Руссо получил некоторое признание, но в столицу его не тянуло; он не покинул мест, с которыми породнился в молодости. Часто приезжал сюда Добиньи, работавший последние годы на берегах Уазы: он даже выстроил себе плавучую мастерскую — лодку с яркой полосатой будкой. Там, сидя на палубе качающейся на спокойных волнах посудины, писал он свои пейзажи. Добиньи мало изменился, только сильно облысел и его длинная ассирийская бородка слегка поредела. Картины его уже начинали покупать. Диаз тоже продавал свои работы. Он немного поправил дела и уверял, что скоро украсит свою «деревяшку» брильянтом.
Несколько лет назад в Барбизоне поселился еще один художник — серьезный, молчаливый нормандец Франсуа Милле. В его движениях сохранилась спокойная неторопливость крестьянина, привыкшего к тяжелой работе. Пленительная природа окрестностей Фонтенбло почти не проникала в его живопись.
Он писал крестьян своей родины, писал то, что видел и испытал в юности: работу в поле, когда болит спина, наливаются свинцом руки и струйки пота заливают глаза; писал влажную вспаханную, словно дышащую землю, детей в тяжелых сабо.
Милле и Домье быстро подружились. Оба были сдержанны, скупы на слова и чувствовали себя легко друг с другом. Многое в судьбе этого художника напоминало Домье события его собственной жизни. Милле мучило сознание никчемности своей работы: до переезда в Барбизон он писал в Париже заказные картины — нимф и богинь, которых охотно покупали падкие на легкомысленные и «изящные» сюжеты буржуа. Милле буквально бежал из столицы, боясь легкого успеха. Теперь он жил в убогом деревенском доме и едва сводил концы с концами: его крестьян, разумеется, никто не хотел покупать.

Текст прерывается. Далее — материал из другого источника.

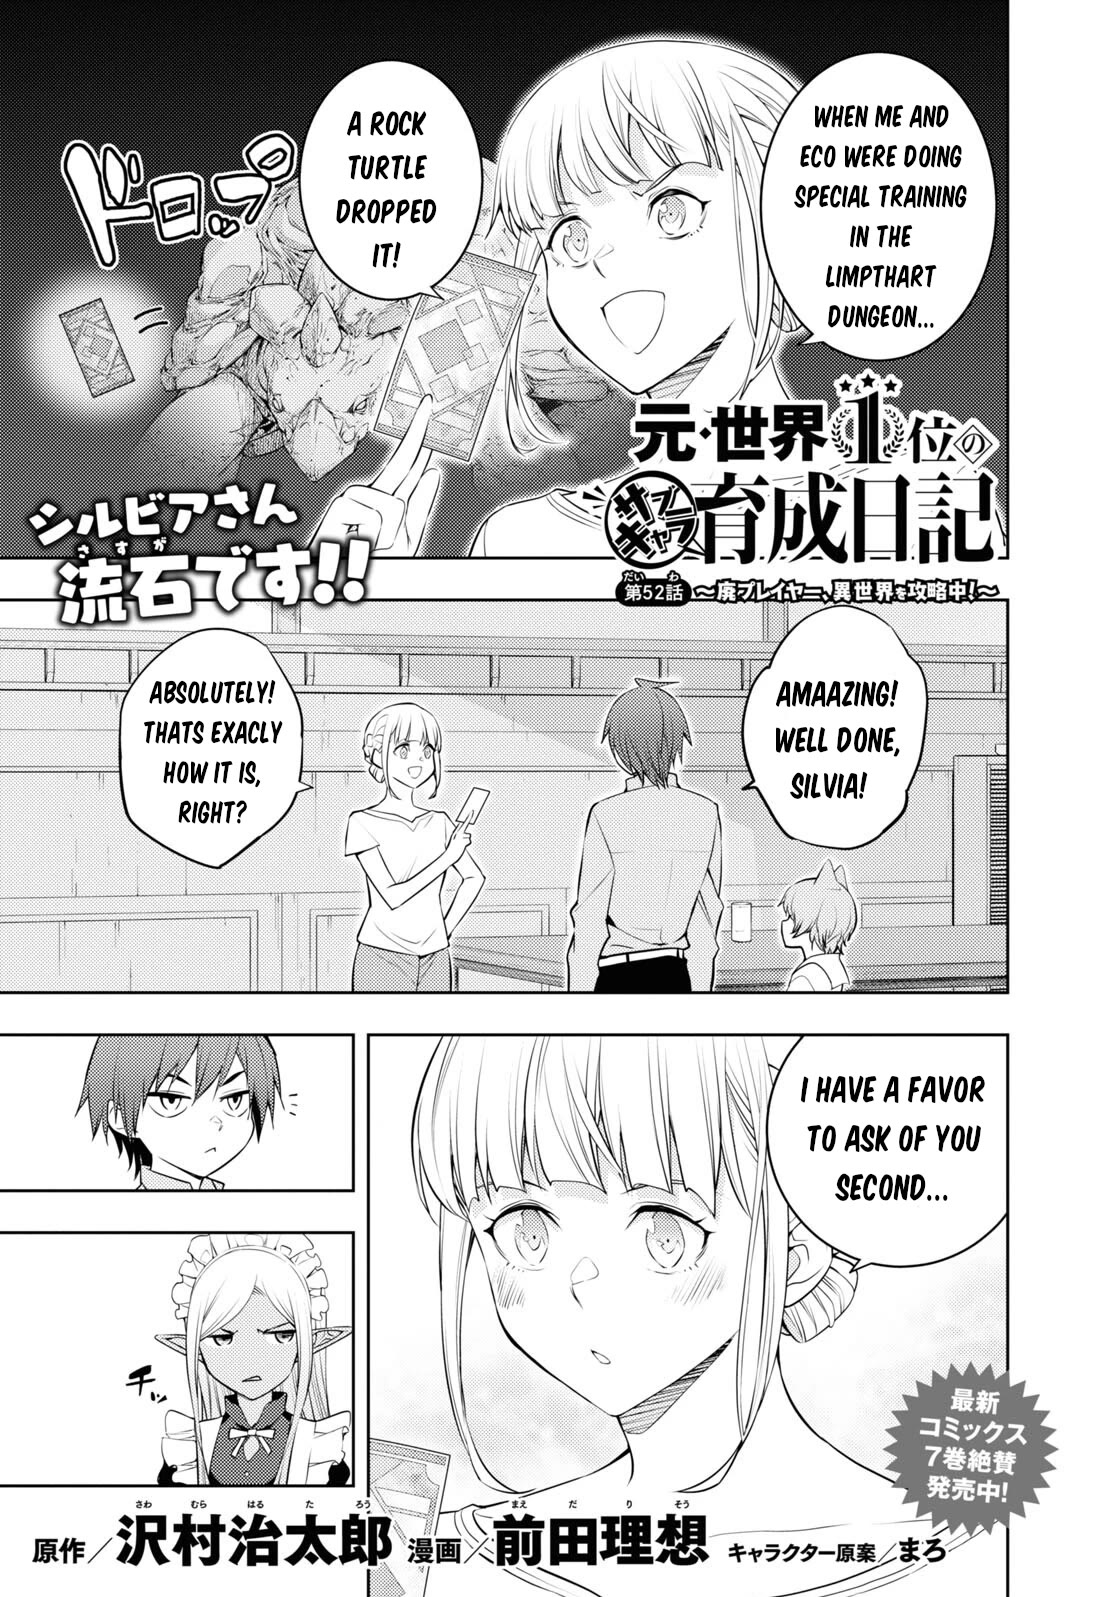 The Former Top 1's Sub-Character Training Diary ~A Dedicated Player Is Currently Conquering Another World!~ - Page 1
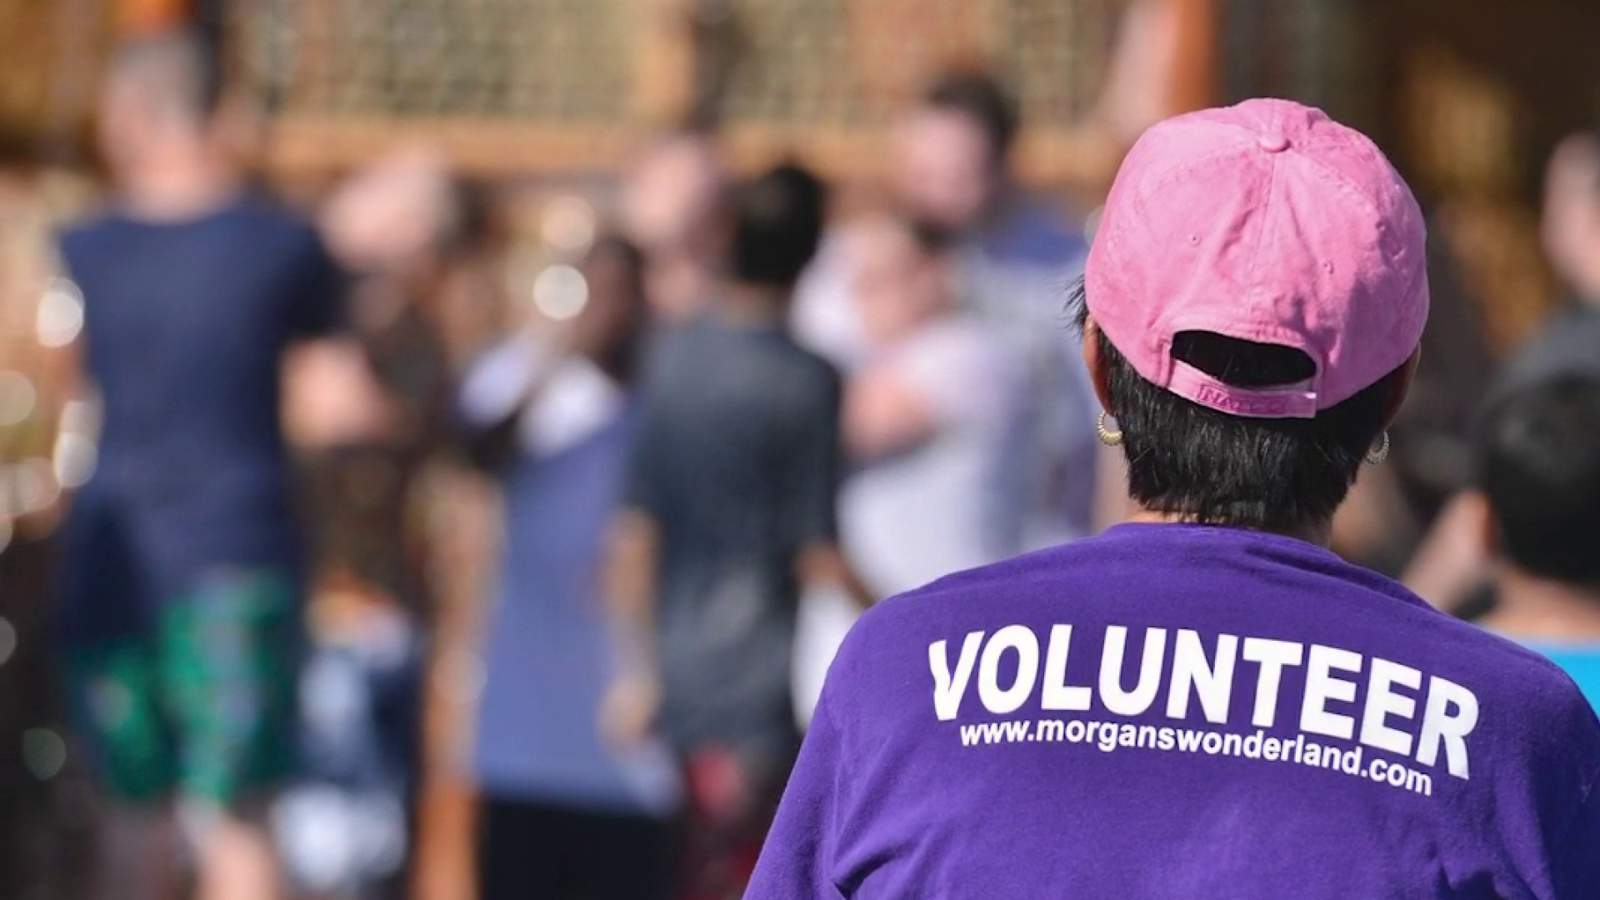 Interested in volunteering? This inclusive nonprofit could use your help

Он часто рассказывал Домье о своих родных местах, о своих земляках — лукавых и медлительных нормандцах; о долгих вечерах, проведенных при тусклом свете лучины за чтением дедовской библии. Библия да еще стихи Вергилия, которые Милле читал в оригинале — латыни он научился в детстве у священника, — были любимыми книгами Милле. Воспитанный в строгой, богобоязненной семье, Милле обладал пытливым, но несколько пуританским умом. Чужим он казался сдержанным, даже высокомерным. Но за внешней сухостью жили печаль, усталость, горестные воспоминания о каторжном крестьянском труде. В молодости он потерял юную, нежно любимую жену и, видимо, до сих пор не оправился от этого удара. Вторая его жена, спокойная хрупкая женщина с тяжелым узлом темных волос, старалась, как могла, облегчить жизнь мужа и молчаливо сносила все тяготы полуголодного существования.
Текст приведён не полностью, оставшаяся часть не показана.